Theses days, the bureaucracy and red tape of local government are choking the life out of democracy. And I don’t believe I’m exaggerating when I say this will be the death of America. That’s why I decided to take matters into my own hands and went down to city hall to make a difference, but when I got down there I learned two very important lessons:
1. You can’t fight city hall.
2. You can damn sure fight the guy at the front desk (and probably win!).
…I didn’t win.
Here’s my issue. Hypothetically, let’s say I wanted a crosswalk in my neighborhood where my kids play. Should be simple, right? All you need is some white paint and a few city council boomers to ritually sacrifice a virgin or however these things are done.
That’s bullshit! Granted my non-hypothetical issue was less ‘I’m a father who wants his children to be safe’ and more ‘my neighbor keeps calling the cops when my basement cockfighting ring gets a little too rowdy.’ Whatever. Like we’re gonna have a chill cockfight. Get the fuck outta here.
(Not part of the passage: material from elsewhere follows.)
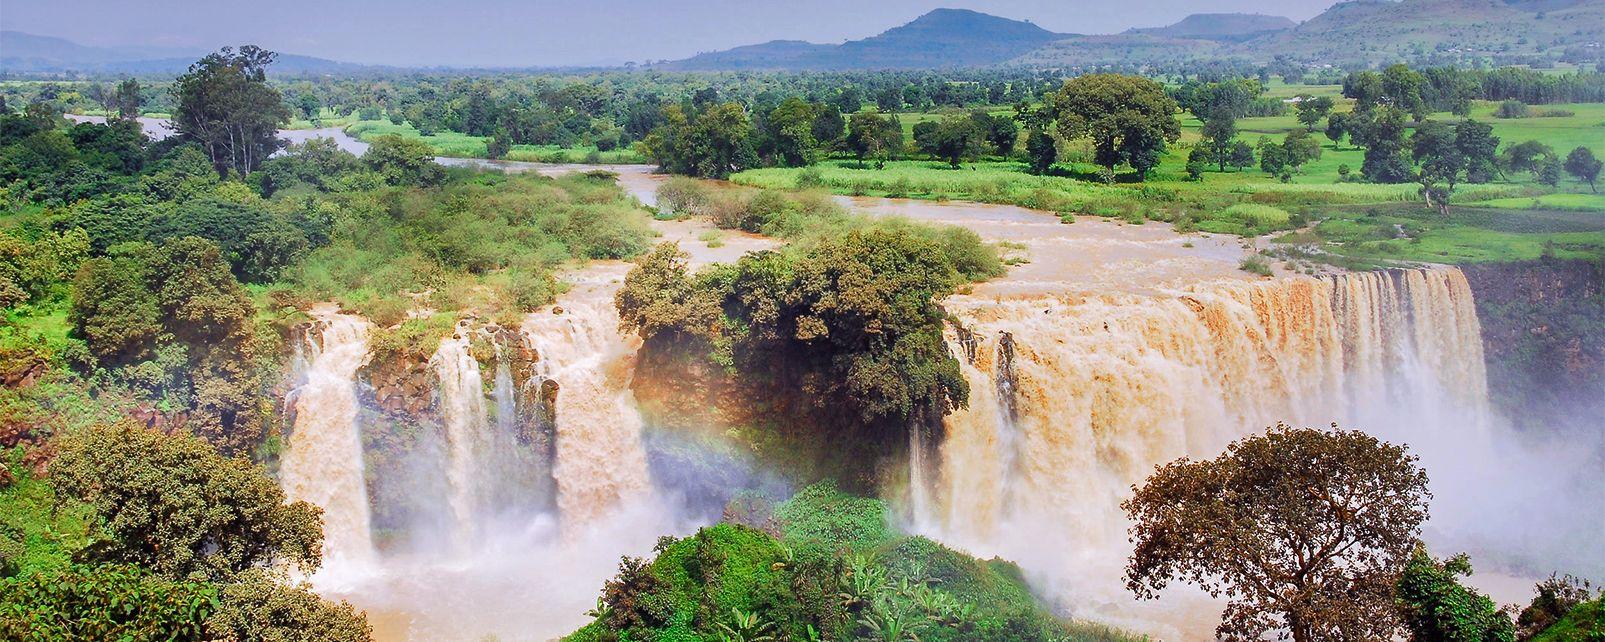 Les chutes du Nil Bleu , Ethiopie

Now last I checked, the first amendment guaranteed us the right to tell these government pigs what’s what – or own guns, I can’t remember. Either way, when I show up at city hall demanding to speak to these fat cats, no self-righteous prick at the front desk is going to tell me that constituent hours are on Wednesday and that I need to make an appointment. Them’s fighting words.
I guess Mr. Sits at a Fancy Desk at City Hall thinks he’s better than me and is gonna try to deny me my third or fourth amendment rights! So I told this asshole, I’m going in there and there’s not a goddamn thing he can do to stop me. Well, he starts flapping that dick holster of his about how he’s “just doing my job” and that “you can schedule an appointment for this afternoon.” You know who talked like that? Nazis! That’s when I started swinging.
Well apparently this City Hall employs goddamn MMA fighters because now I’m exercising my right to free speech through a wired jaw. Thanks, Obama.